# How big do you think he is?



## tjstebb (Jun 5, 2006)

A buddy seen this guy up close inside his den during muzzy season so he set up a camera this spring to see if he could get a look at him now he is curious just how big he is











Hopefully these pics show up.....I have been having trouble getting them to show up but, i think i have it figured out now
tjstebb


----------



## tjstebb (Jun 5, 2006)

Here is another pic of him


----------



## fishdip (Dec 29, 2010)

Ive only shot one but even I know hes BIG!


----------



## tjstebb (Jun 5, 2006)

My guess was 450? but i have a hard time judging bears :lol:



tjstebb


----------



## Nostromo (Feb 14, 2012)

I'm no judge of weight either. But, I believe he could be in the 400# range.

N


----------



## swampbuck (Dec 23, 2004)

Hard to judge without something to compare it too. Body shape and ears indicate a big one. Shooter for sure 300+ could be much more.
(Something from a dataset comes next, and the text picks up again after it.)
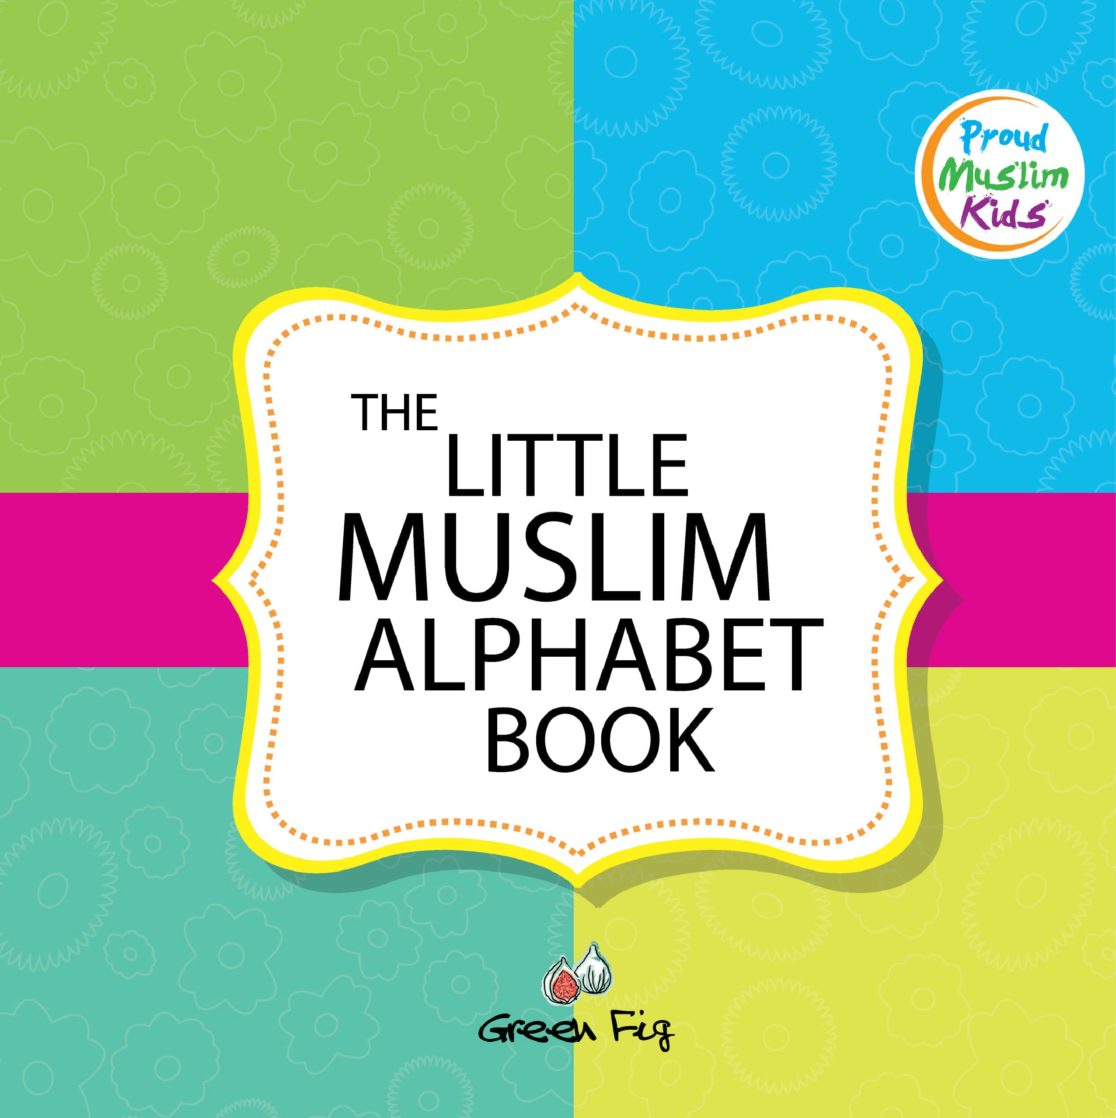 The Little Muslim Alphabet Book

Looks very good for just coming out of the den !!


----------



## mhofa (Jul 26, 2011)

A good rule of thumb is a bear with a hump on his back is at least 300. Pretty hard to tell much more. Cool pictures


----------



## FallDreamer (Dec 15, 2010)

He's a good one! But he also had it pretty easy this winter.


----------



## old graybeard (Jan 19, 2006)

I'd say he's plenty BIG enough


----------



## shephard1993 (Aug 5, 2009)

He is a very good one, I would guess upwards of 500 pounds. I agree it is hard to say with no size comparison. One thing to concider is a bear of this size is going to gain 100 plus pounds by fall.


----------



## TVCJohn (Nov 30, 2005)

Looking at the leaves in front of him and using those as a gauge, I'd say he is in the 325-340 range. If it hasn't been out of the den too long, he may have lost alot of fat and is thin right now. He'd be fun to look at in the fall after he fattens up.


----------



## woodswise (May 9, 2012)

tjstebb said:


> Here is another pic of him


Id say since he is just out of the den, and its belly is still damn near dragging the ground, along with the very wide spacing between the ears. He will defiantly be a 500 pounder or better by this fall!
Shoot him with your bow, he will go pope and young for sure.


----------



## Knot Tellin (Jun 21, 2010)

Large and incharge.


----------



## ken powell (Sep 16, 2008)

I gotta agree with with TV, he lost weight this winter, but he is going to be fat by September. Good luck this year, hopefully you can tell us how much he weighs this fall.....


----------